> _Dataset section_

+---+

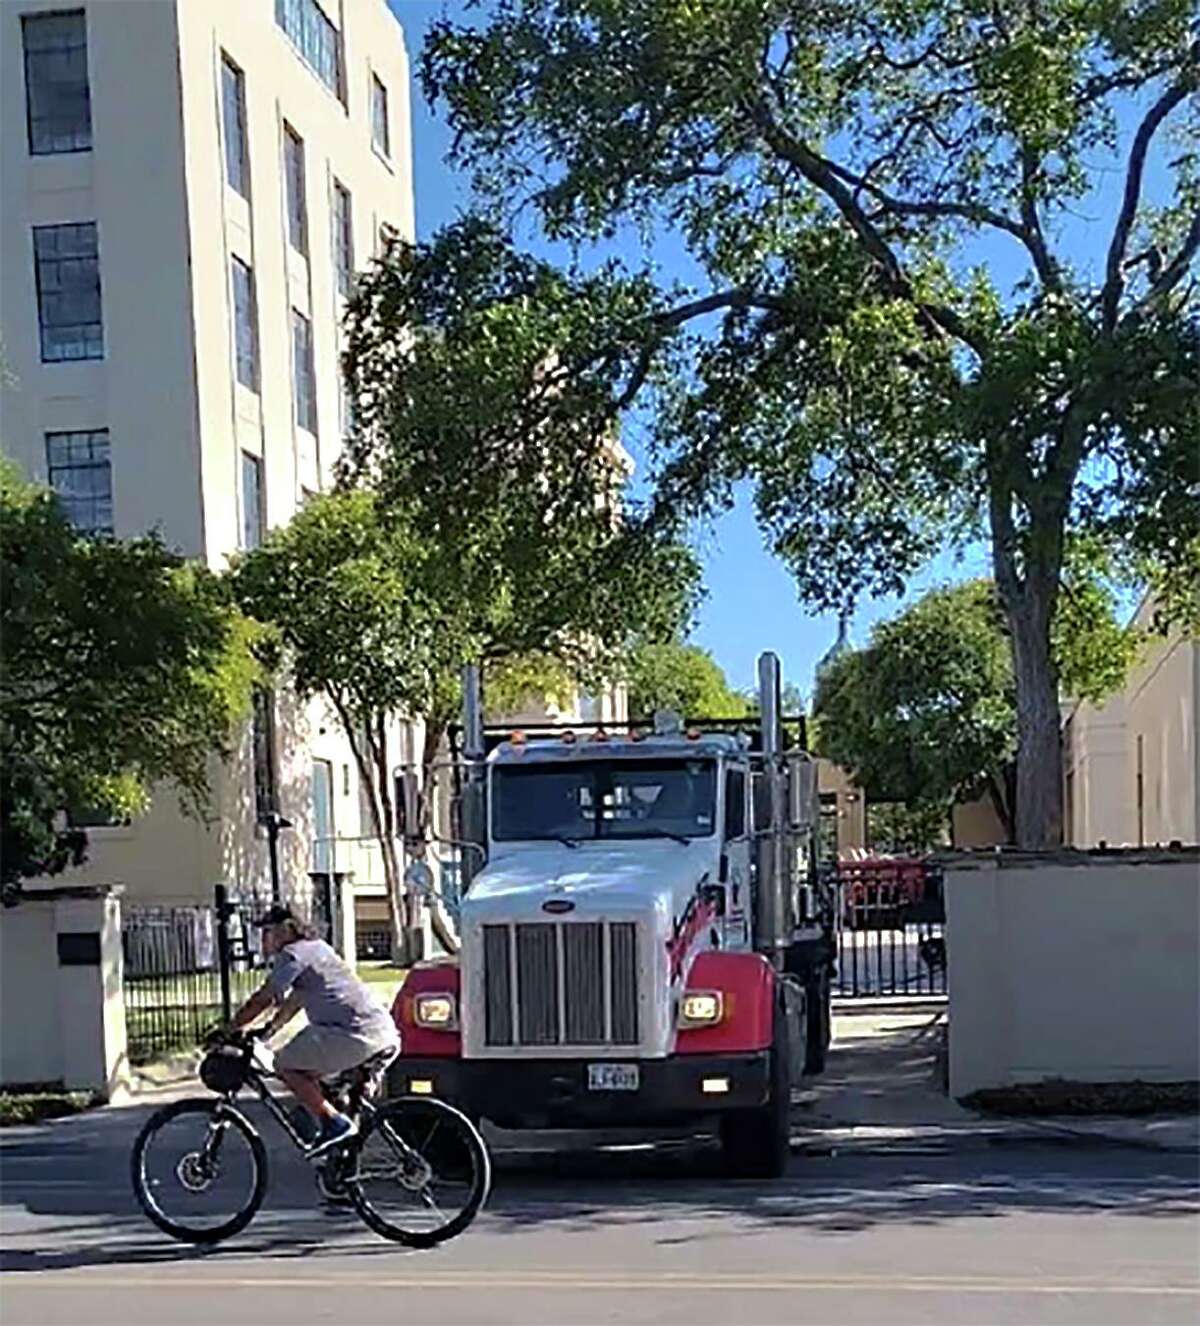 San Antonio attorney Rene D. Ruiz, who lives on East Arsenal Street across from H-E-B’s headquarters, has called the grocery chain a public nuisance. As part of his complaint, Ruiz included as exhibits numerous photos of trucks operated by H-E-B vendors that he alleges were blocking the sidewalk and/or the bike lane next to its headquarters.
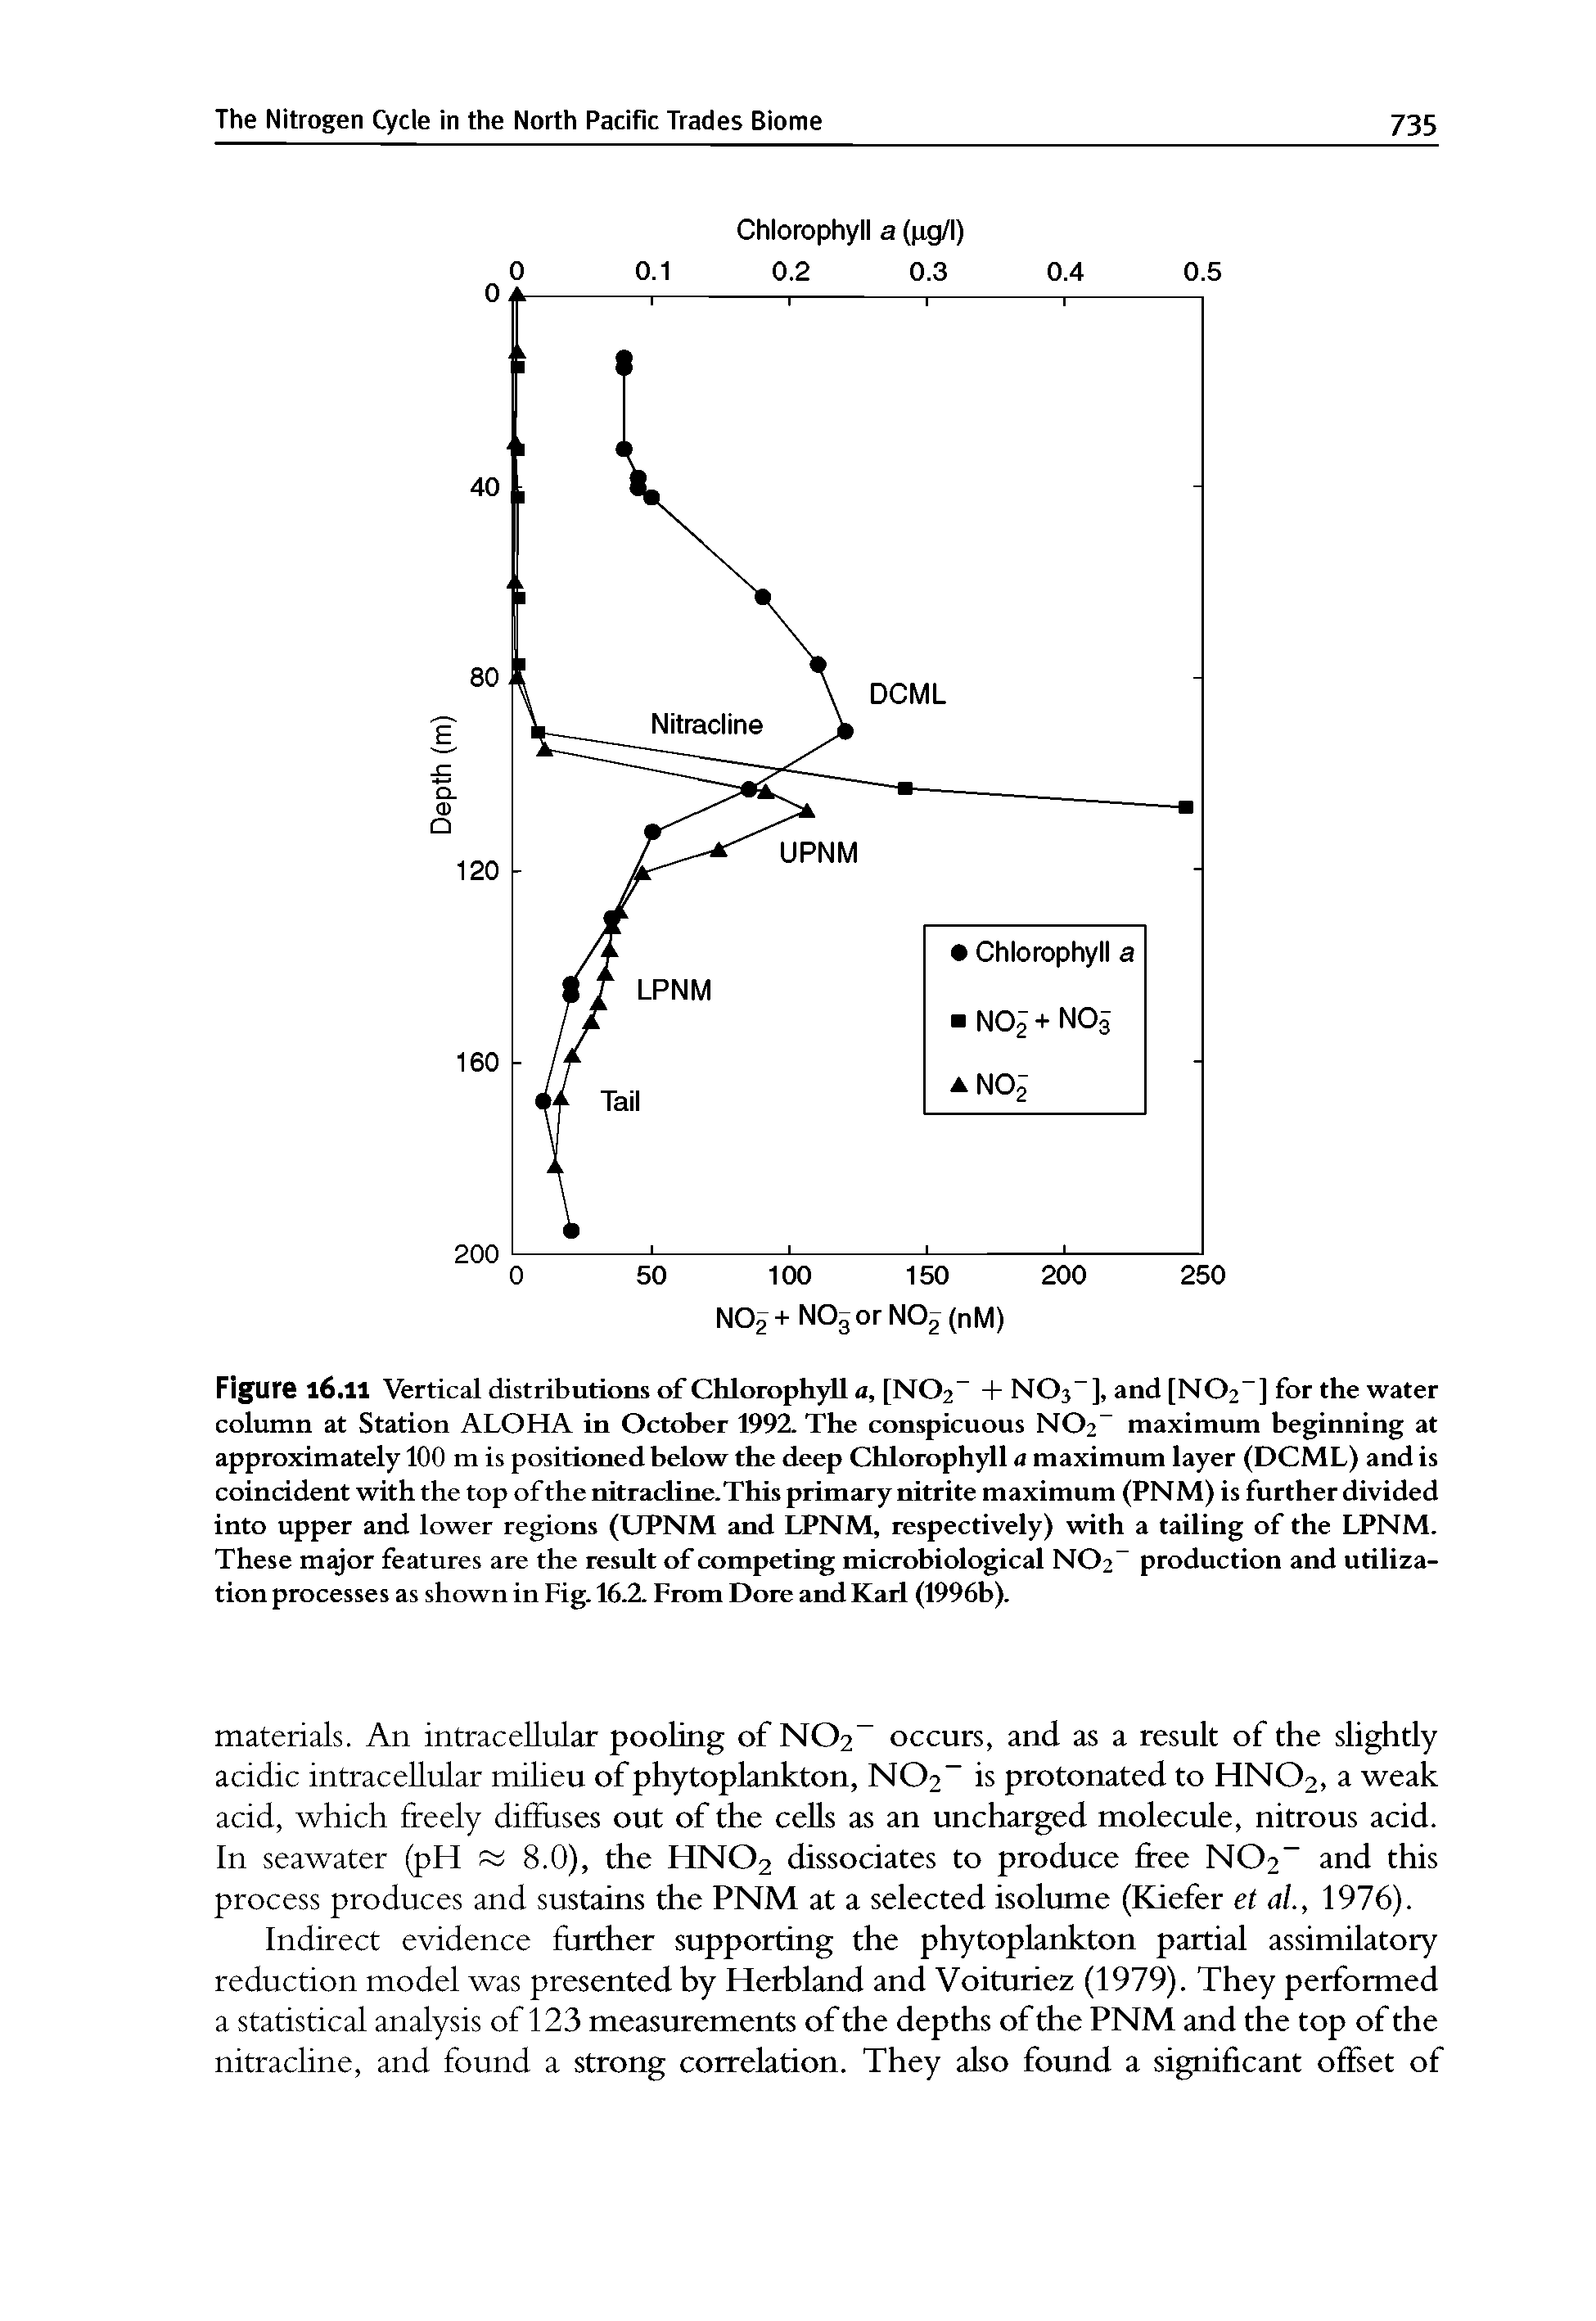 Figure l6.11 Vertical distributions of Chlorophyll a, [N02 + NOs ], and [N02 ] for the water column at Station ALOHA in October 1992. The conspicuous N02 maximum beginning at approximately 100 m is positioned below the deep Chlorophyll a maximum layer (DCML) and is coincident with the top of the nitracline.This primary nitrite maximum (PN M) is further divided into upper and lower regions (UPNM and LPNM, respectively) with a tailing of the LPNM. These m or features are the result of competing microbiological N02 production and utilization processes as shown in Fig. 16.2. From Dore and Karl (1996b).
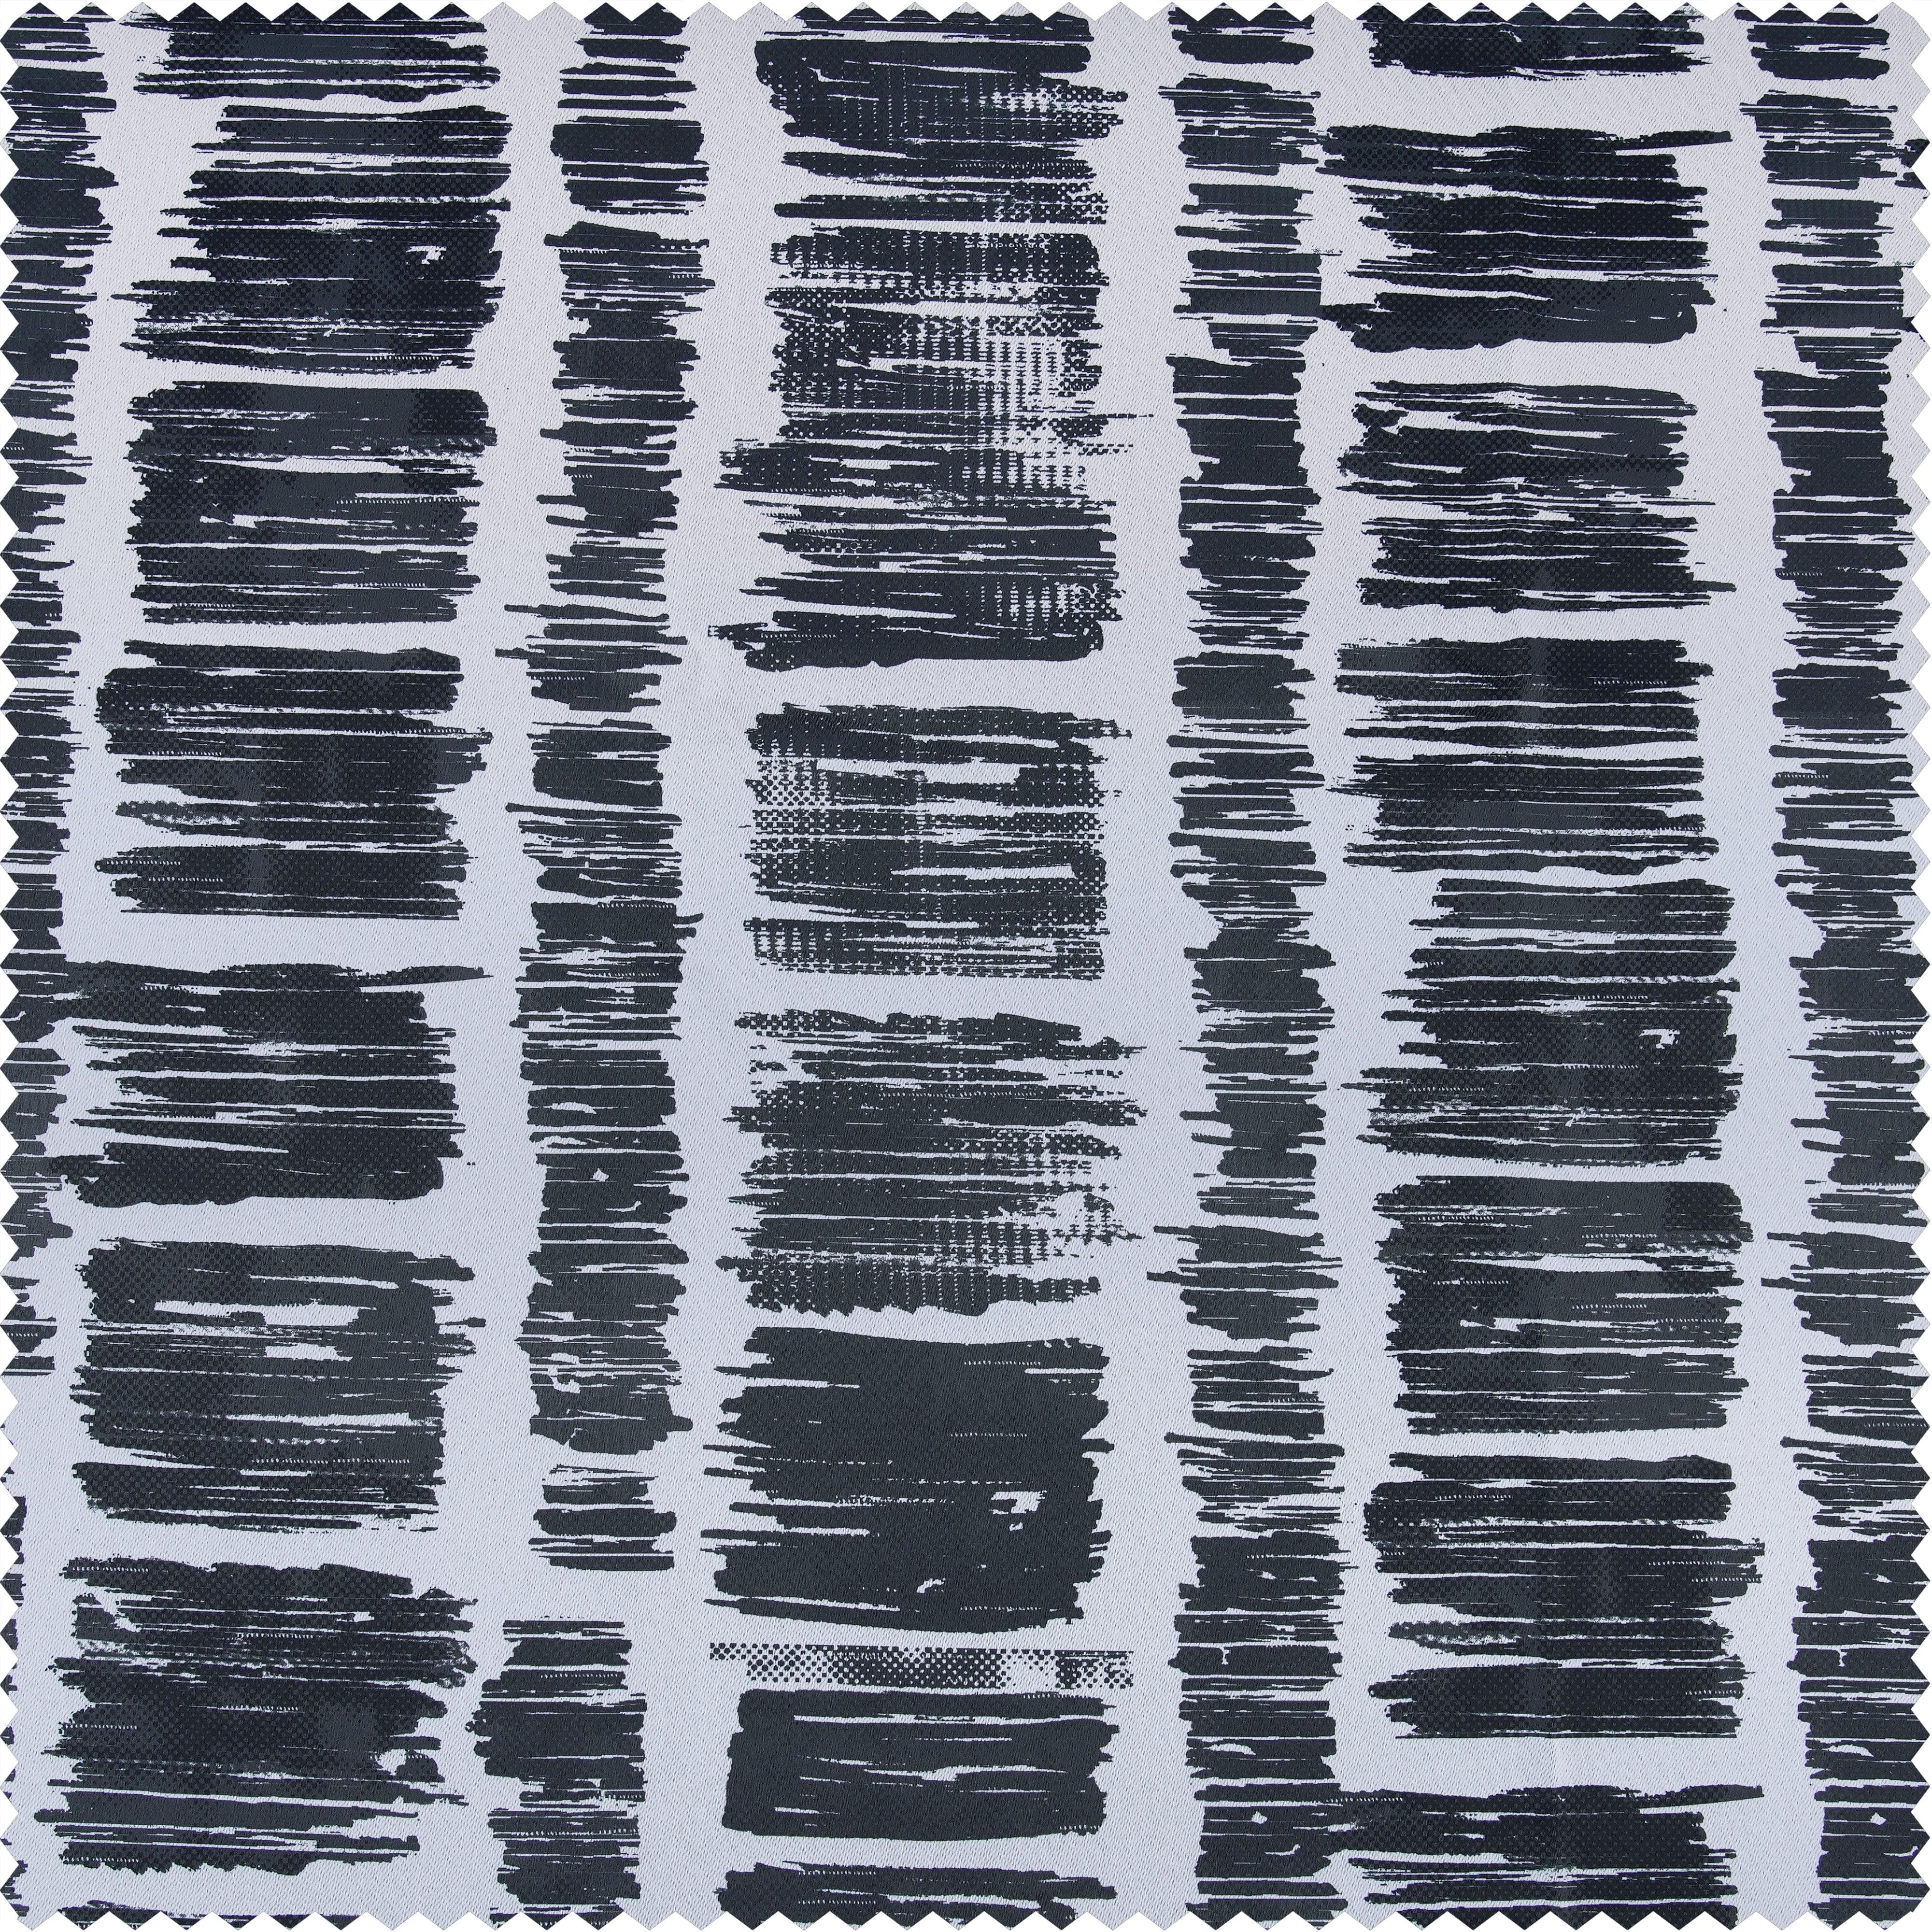 Matchstick Charcoal Black Abstract Room Darkening Curtain

+---+

> _Task directions_
Beginning with the line containing "Figure l6.11 Vertical" and ending with the last line of the listing above, output those lines exactly as written, without pictures.

> _Reply_
 Figure l6.11 Vertical distributions of Chlorophyll a, [N02 + NOs ], and [N02 ] for the water column at Station ALOHA in October 1992. The conspicuous N02 maximum beginning at approximately 100 m is positioned below the deep Chlorophyll a maximum layer (DCML) and is coincident with the top of the nitracline.This primary nitrite maximum (PN M) is further divided into upper and lower regions (UPNM and LPNM, respectively) with a tailing of the LPNM. These m or features are the result of competing microbiological N02 production and utilization processes as shown in Fig. 16.2. From Dore and Karl (1996b).
 Matchstick Charcoal Black Abstract Room Darkening Curtain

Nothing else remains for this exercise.